Source data »
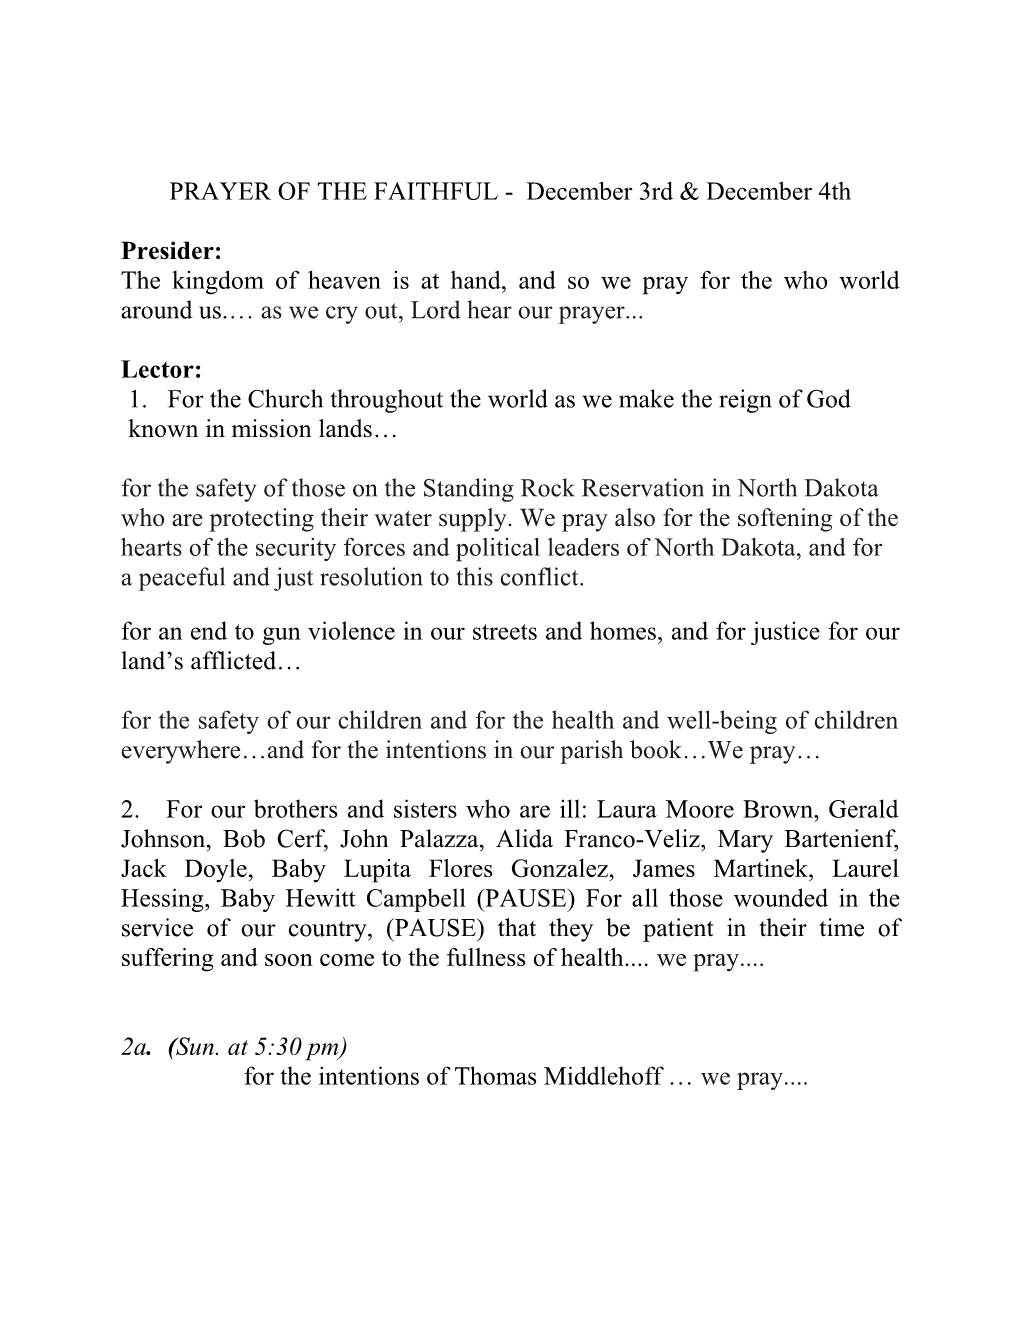 PRAYER of the FAITHFUL - December 3Rd & December 4Th
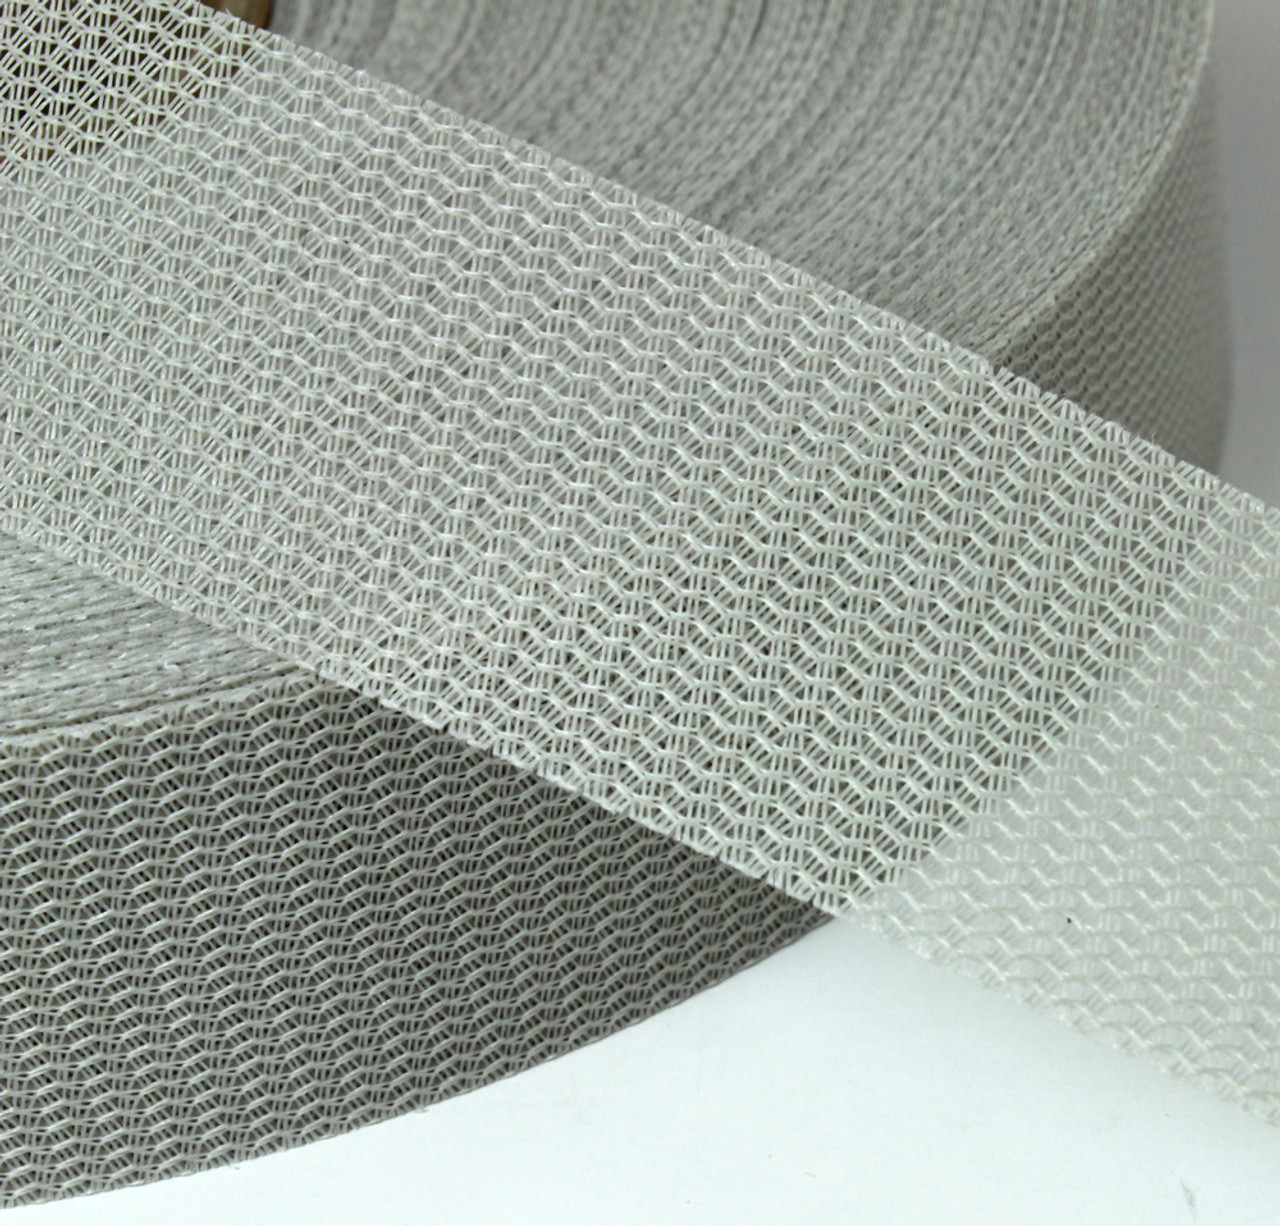 Upholstery Supplies - ACB2311 Auto Carpet Binding, #311 Dark Grey, 3/4  wide, two edge turned (PER YARD)
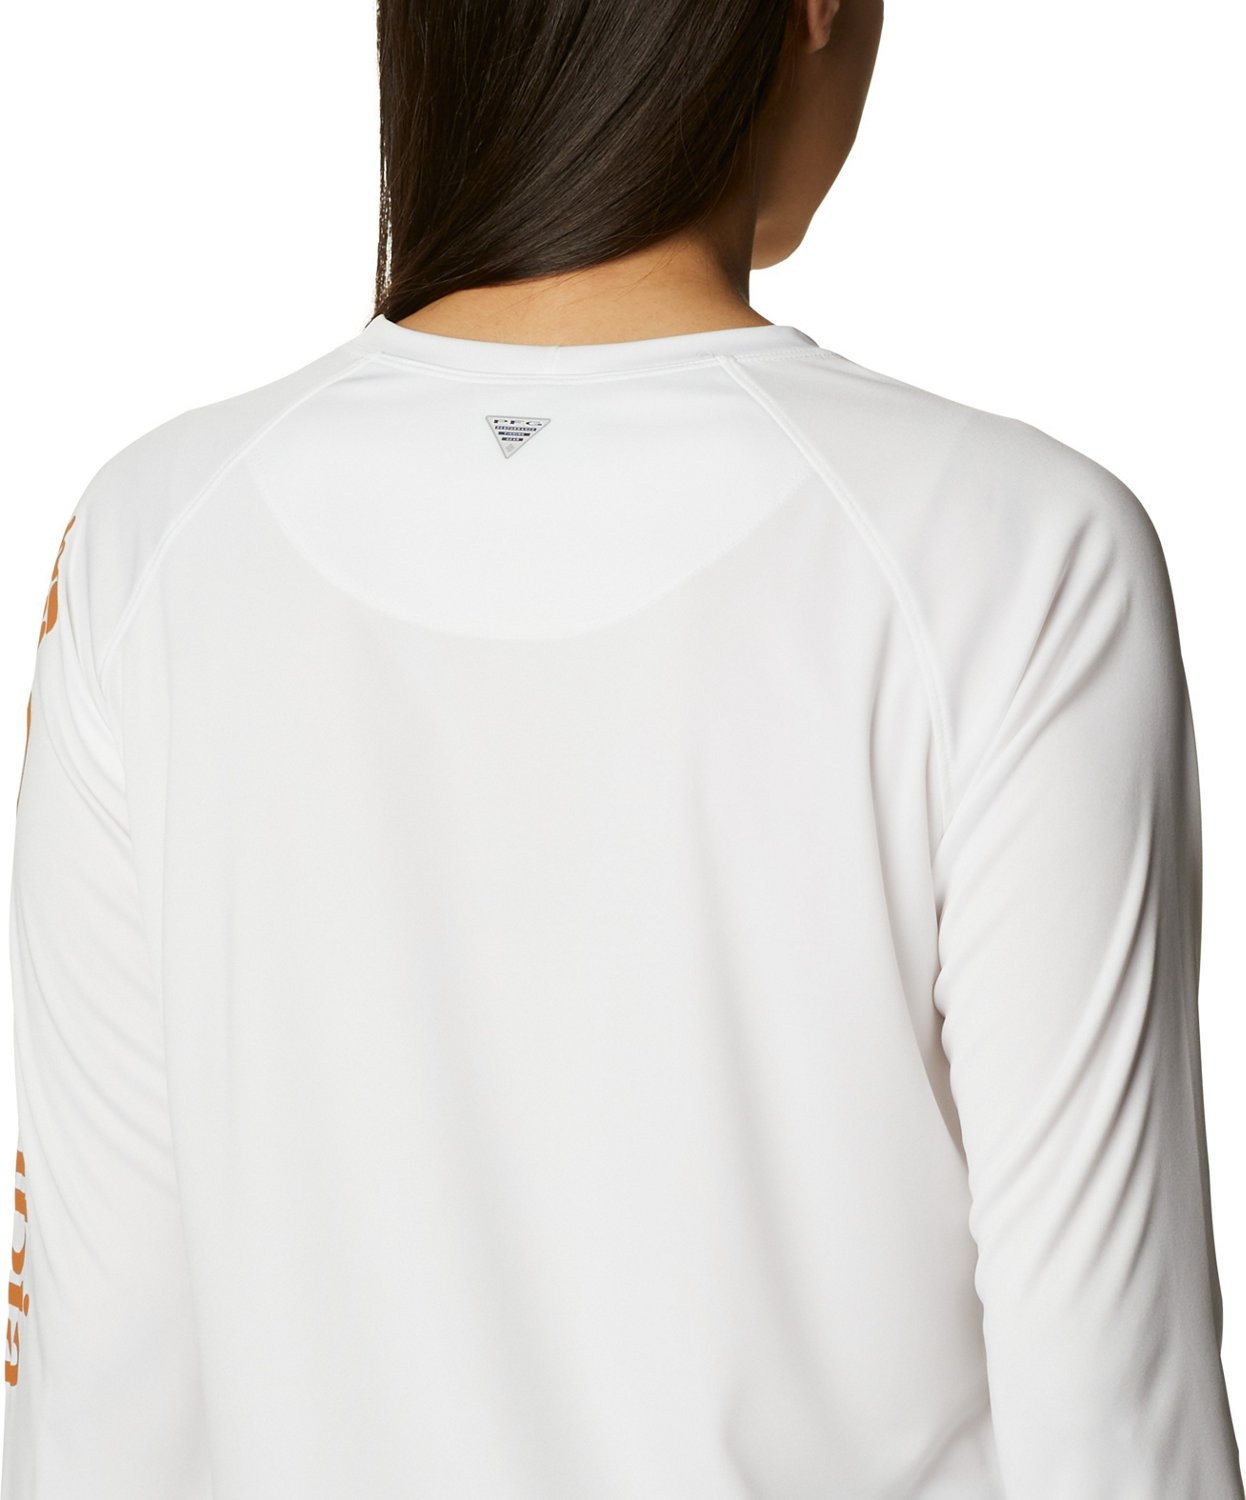 Los Angeles Dodgers Columbia Women's Tidal Long Sleeve Hoodie T-Shirt - Gray

What you should do » Repeat the data in full and exactly. Omit pictures.

Result of the exercise »
 PRAYER of the FAITHFUL - December 3Rd & December 4Th
 Upholstery Supplies - ACB2311 Auto Carpet Binding, #311 Dark Grey, 3/4  wide, two edge turned (PER YARD)
 Los Angeles Dodgers Columbia Women's Tidal Long Sleeve Hoodie T-Shirt - Gray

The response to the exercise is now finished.